:: INPUT DATA ::
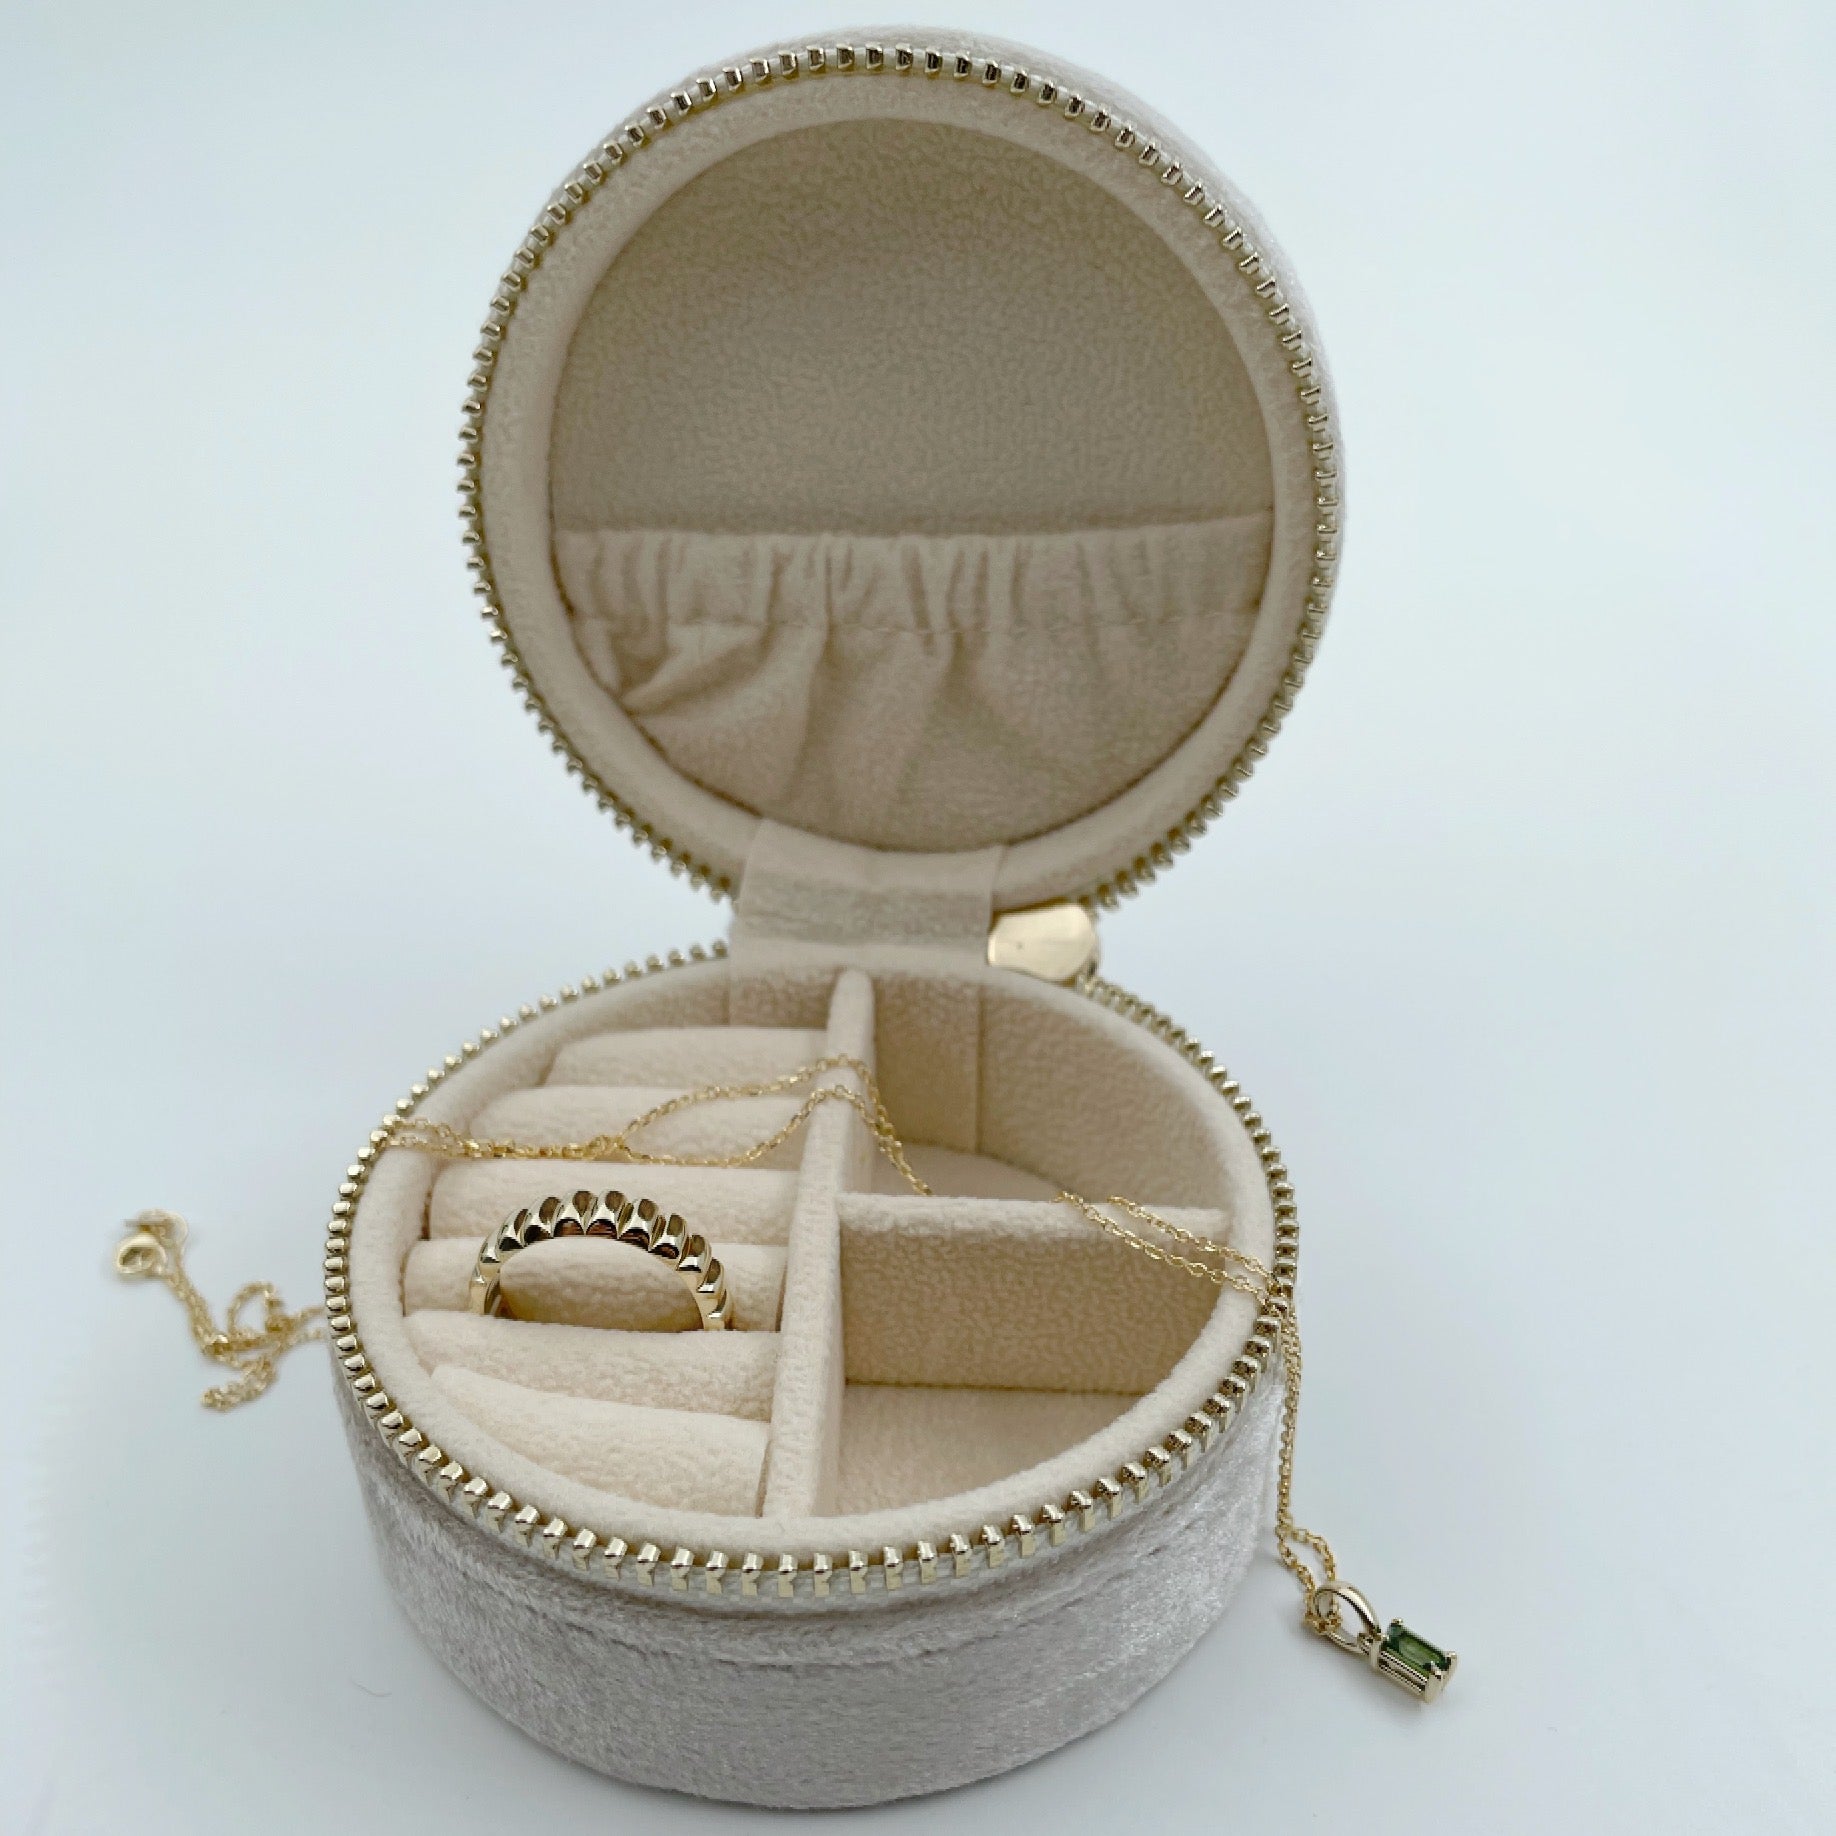 Round velvet jewellery case, open with jewelry inside
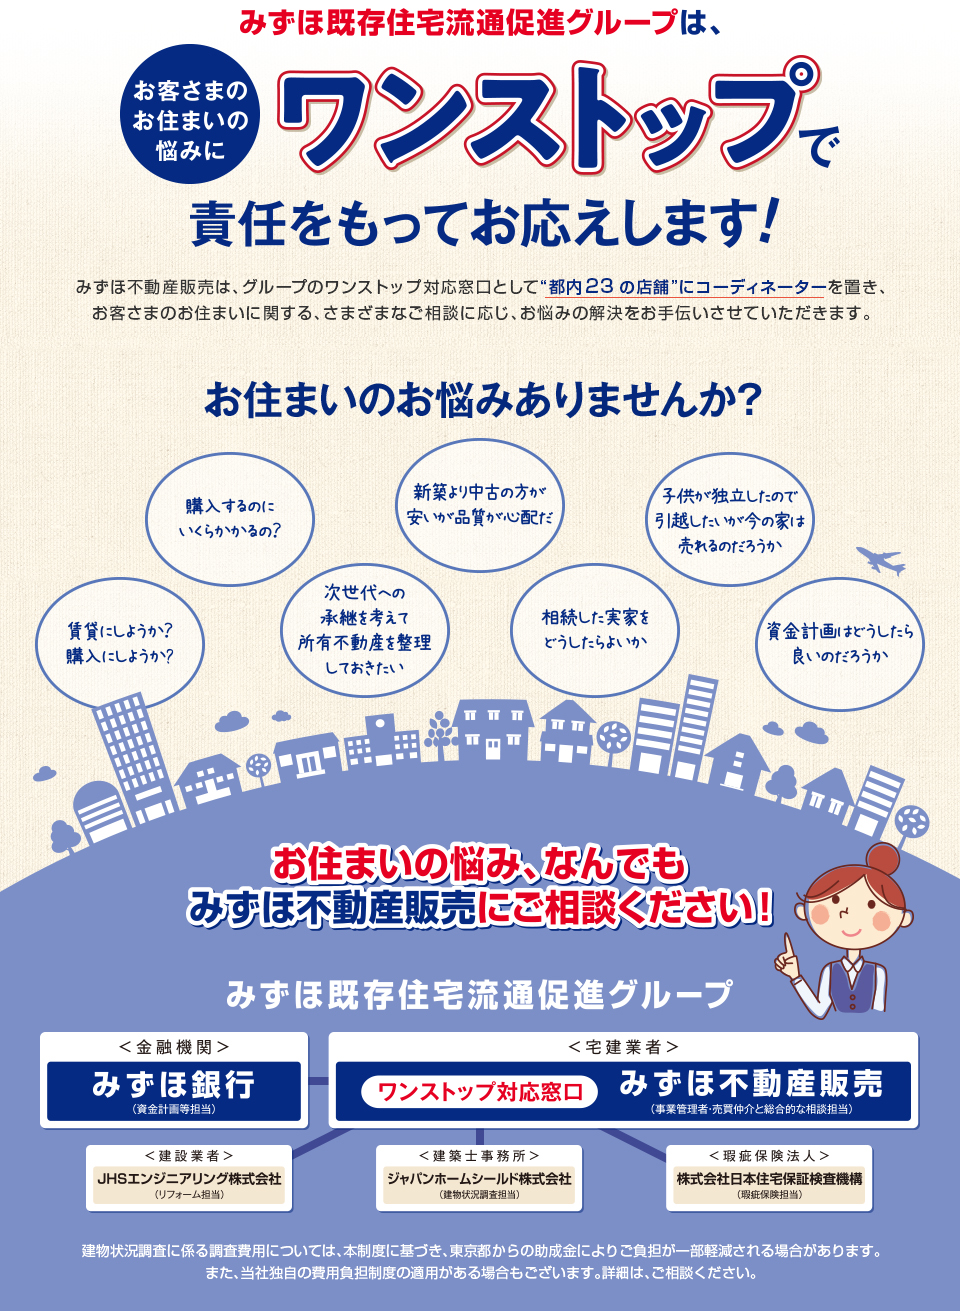 東京都既存住宅流通促進事業者グループ登録制度
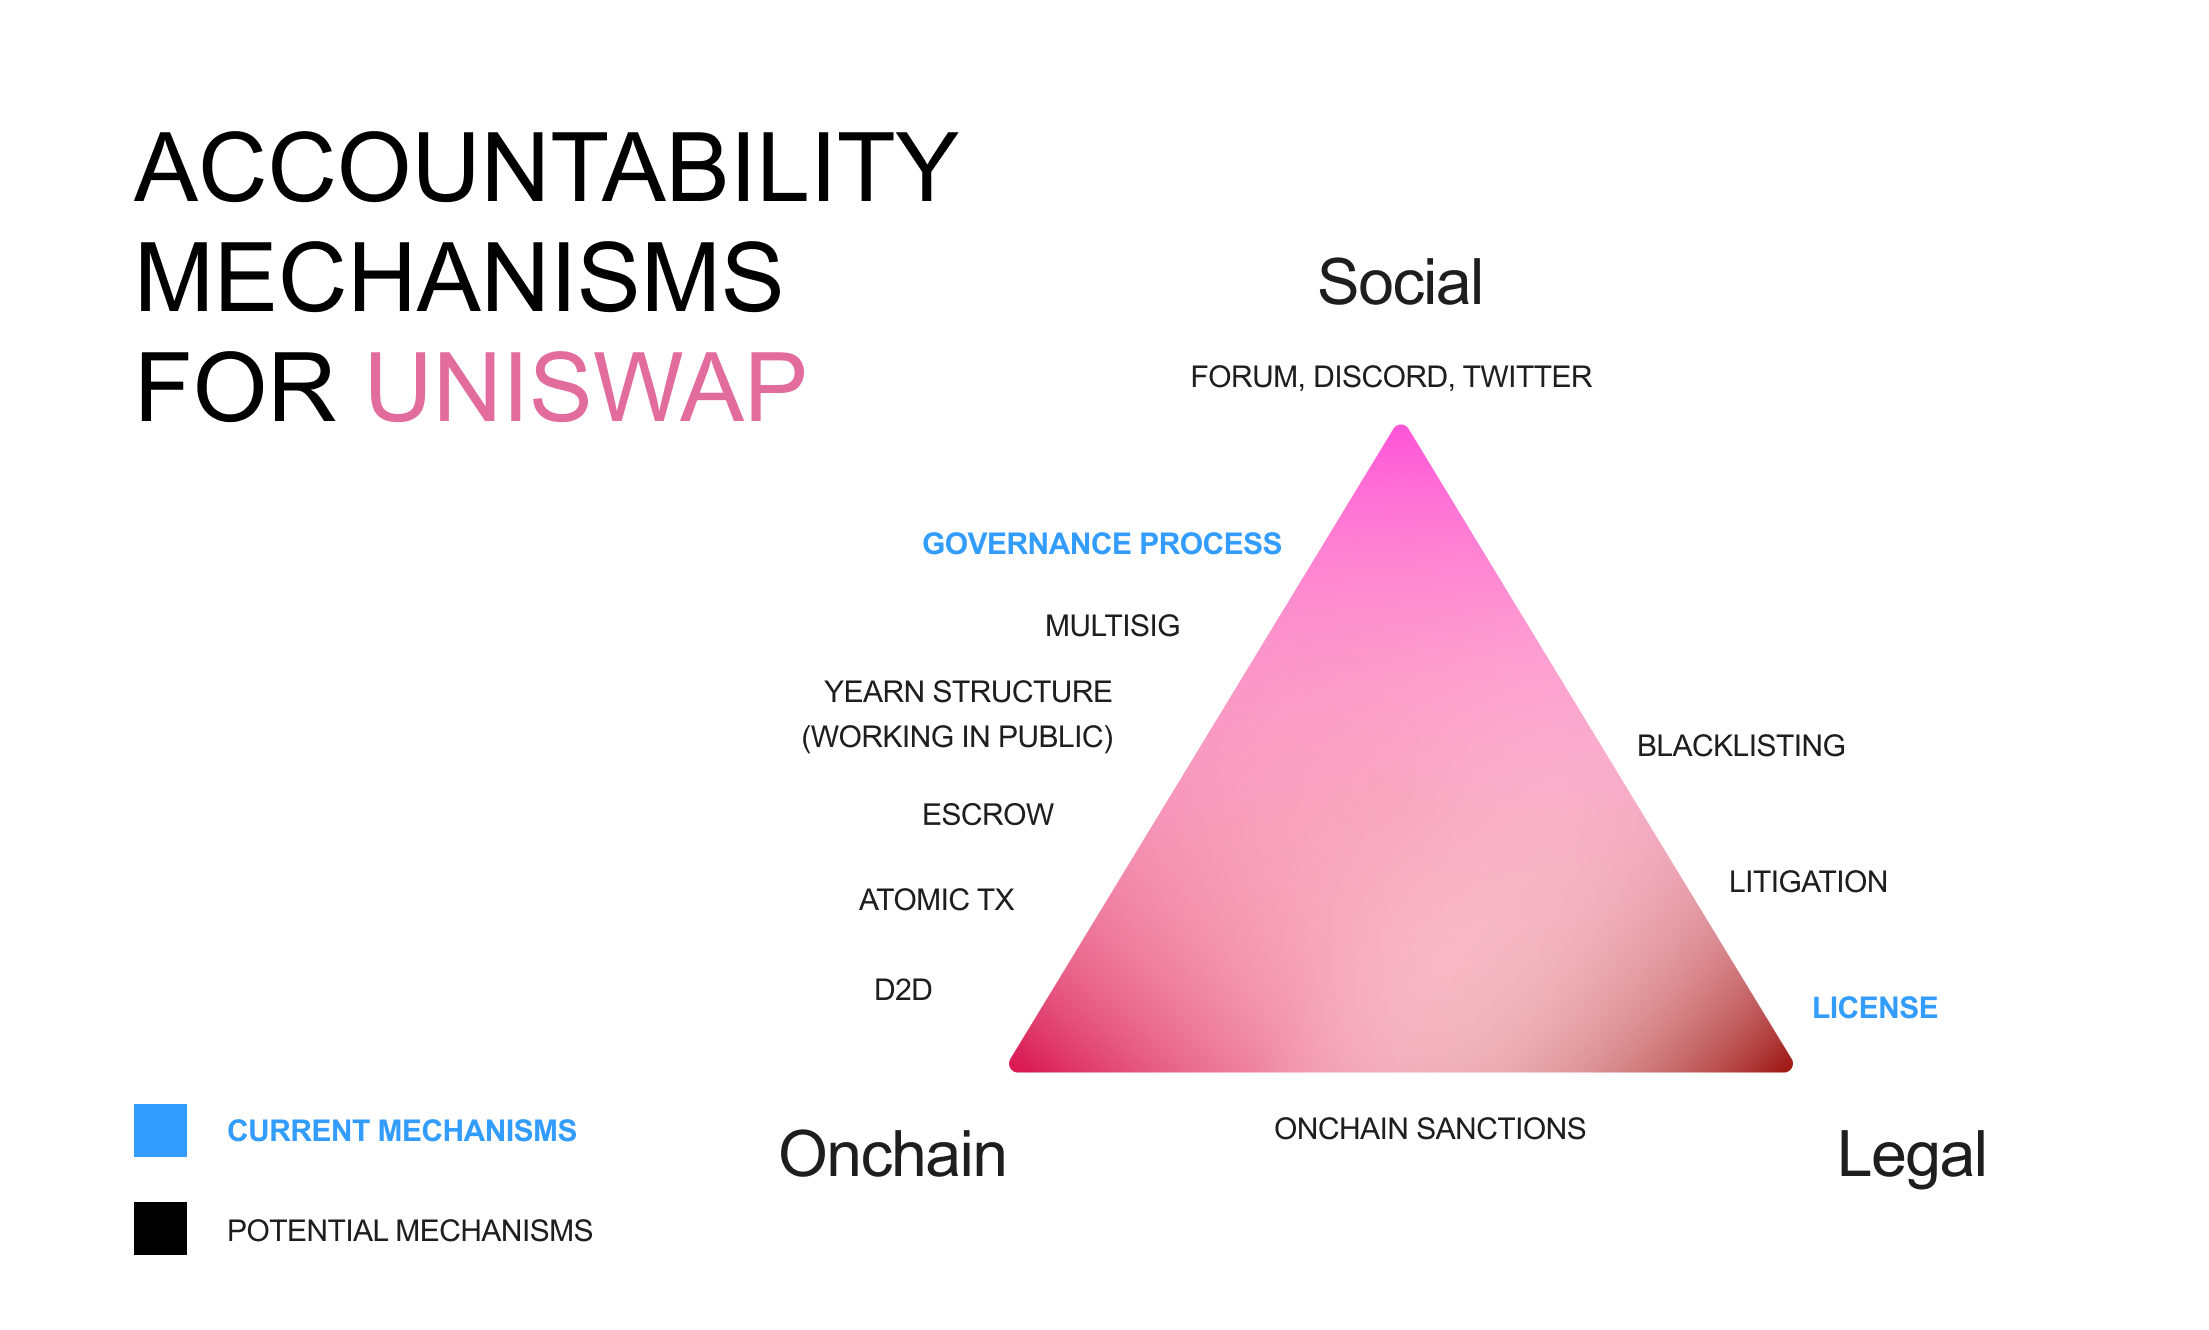 Accountability mechanisms available to Uniswap.
:::
Write every line above out again exactly; pictures do not belong in the copy.

 Round velvet jewellery case, open with jewelry inside
 東京都既存住宅流通促進事業者グループ登録制度
 Accountability mechanisms available to Uniswap.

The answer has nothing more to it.